I took the schooling course, paid close attention, & studied my butt off.
Motivation: I sunk money into the class, the code book, the test, and I'd be Da**d, if I was going to waste my hard earned money by flunking the test.


Before the test, I studied and crammed hard. I reviewed all the sample tests and questions from class. 
Low and behold, some of the very same questions (exact question/exact answer).... were on the test, and I already knew the answer without even thinking about it!


----------



## Mandrake (Jul 25, 2007)

All this advice has been extremely helpful. I am very appreciative.

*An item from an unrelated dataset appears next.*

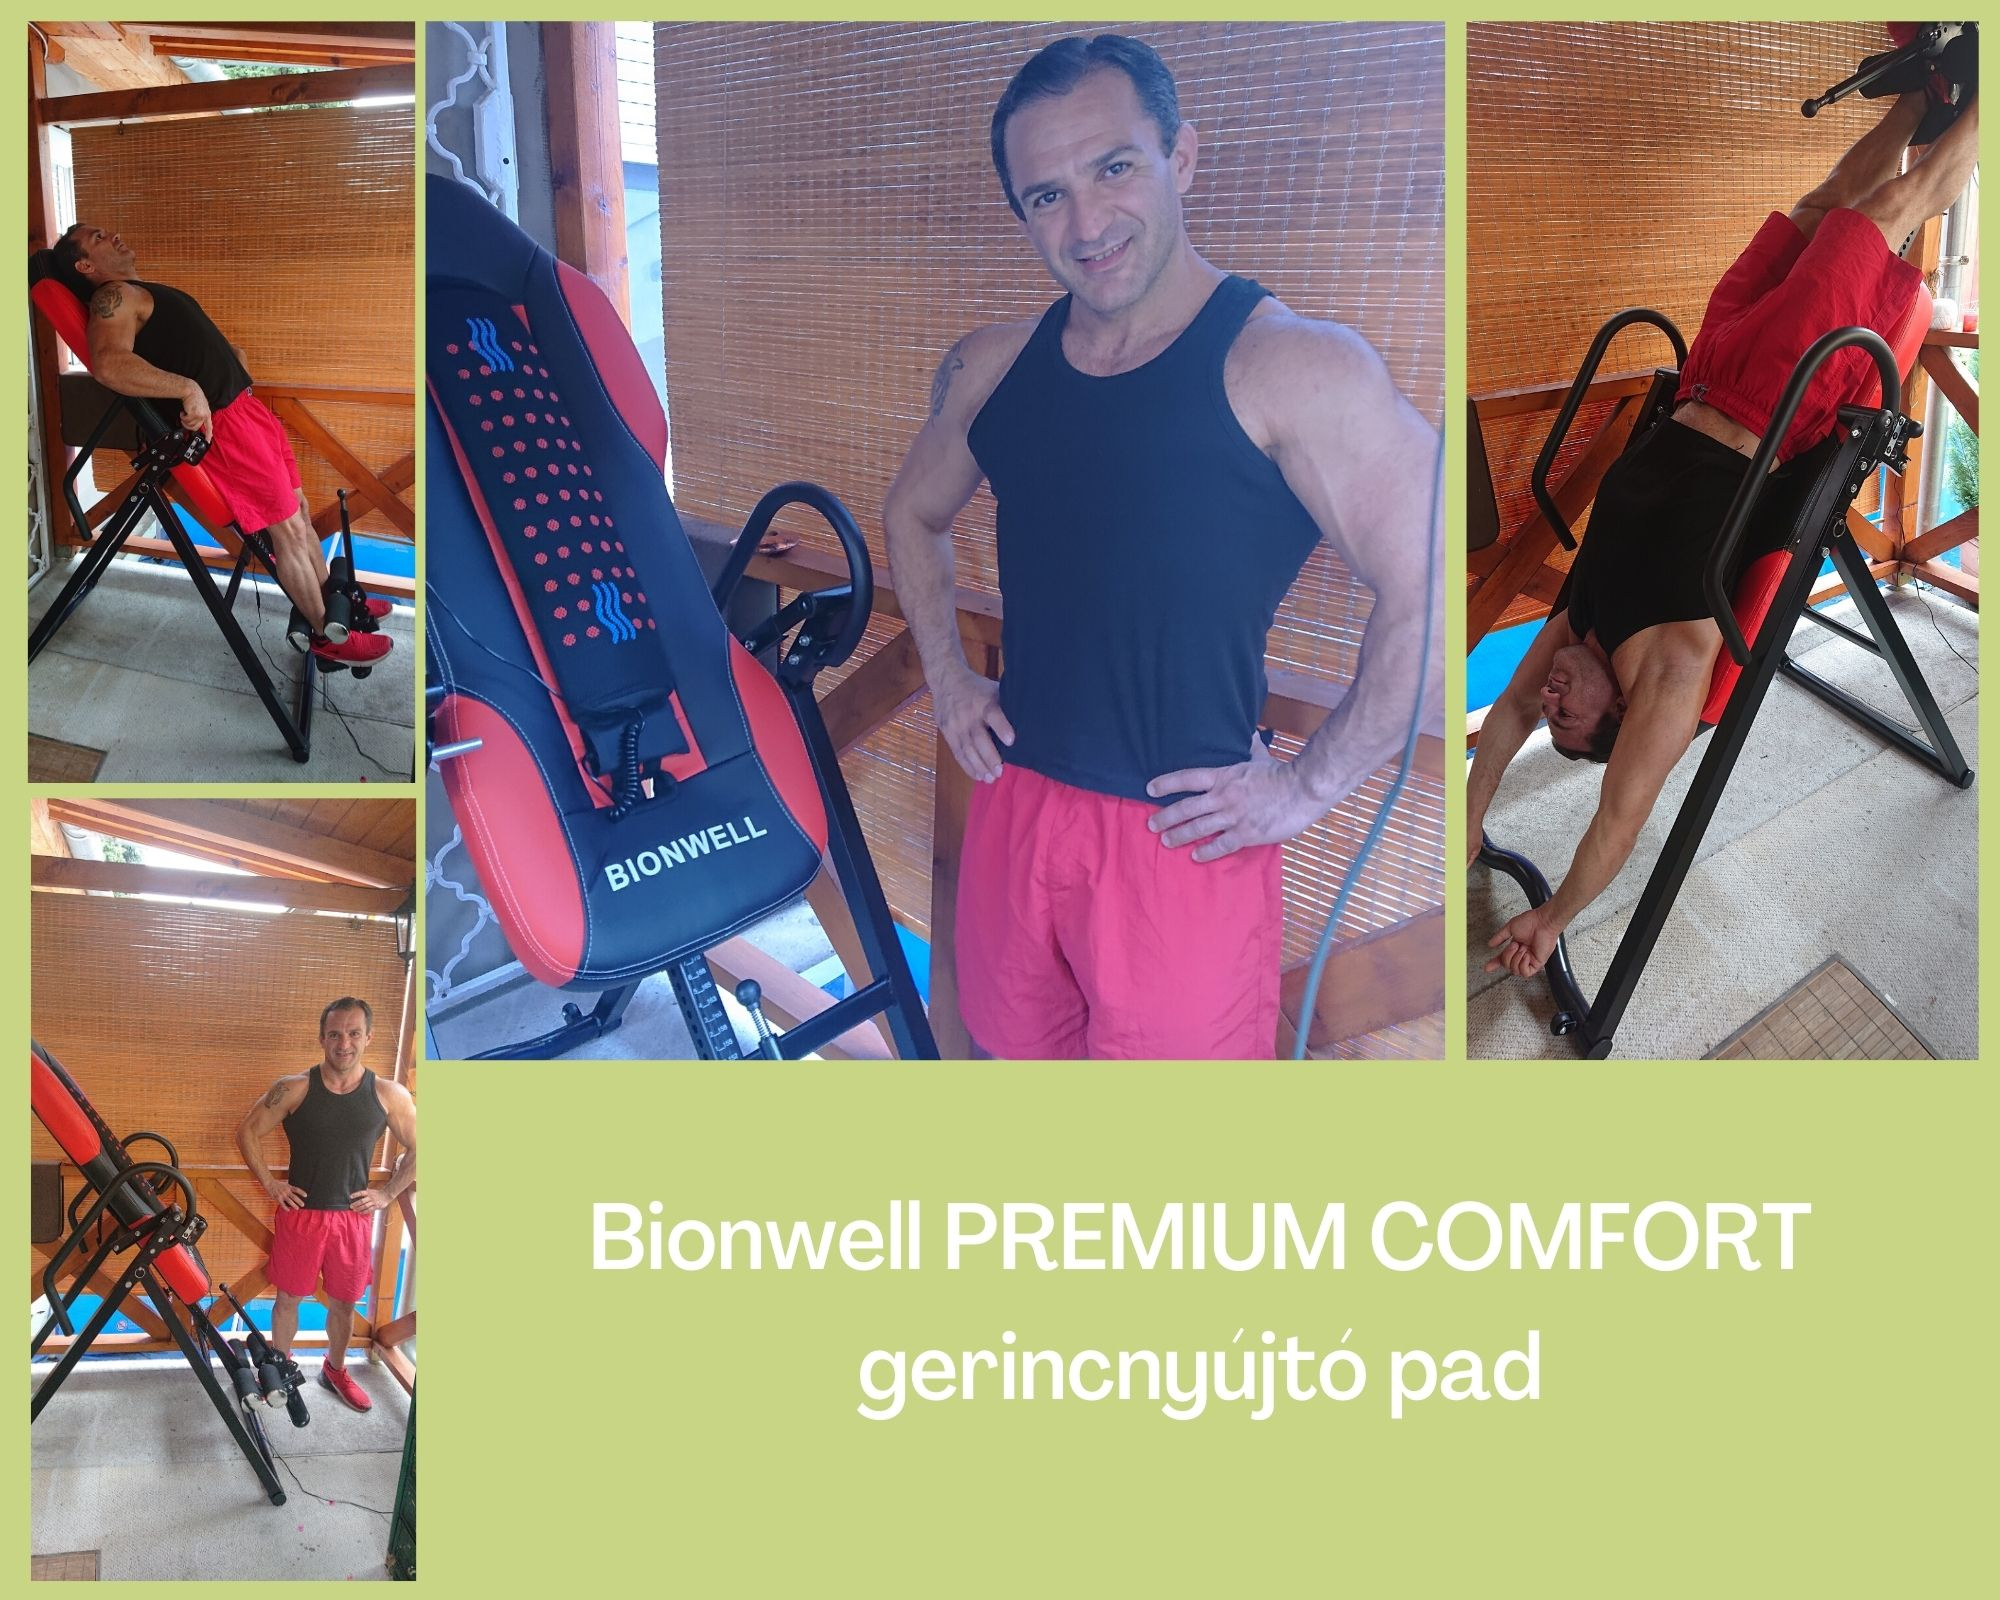 bionwell-12tl-premium-comfort-gerincnyujto-pad-hasznalati-kepek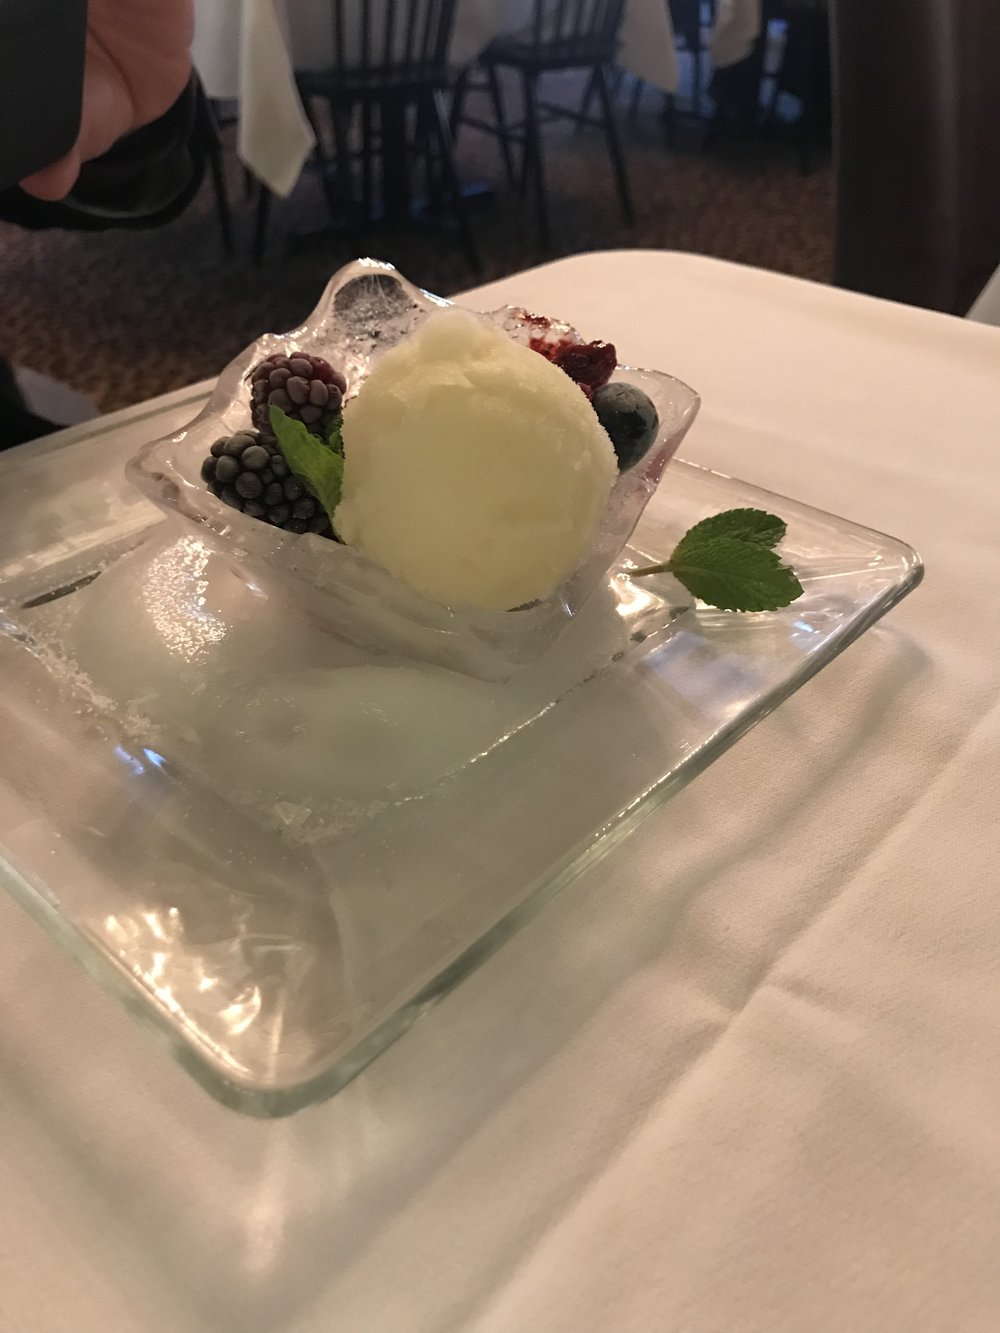 Salty dessert.

If anyone has any sample questions please pass them on. I have about 5 days left to cram

Mandrake


----------



## BCFBeacon (Feb 24, 2008)

I took it about 9 months ago. I did take the prep class. As one of the other guys said, it is all about finding the info, not knowing it. They added a whole bunch to the 1 & 2 Family section of the code since I took it. Not sure if that info is on the test yet. It was a tougher test than I thought. The biggest thing in the prep class was organizing your code book. You are allowed to tab every chapter and have an index for each chapter. It takes a while to do it but it is very helpful when trying to navigate in crunch time. Also, there are two sets of plans. They aren't very clearly marked so make sure you are answering questions for the right set of plans. The plans are pretty basic. The 50 questions are taken from a pool of 800. I had a lot of questions on insulation and fire protection. Also, know how to use the table for Fibrebend and Modulus of Elasticity.


----------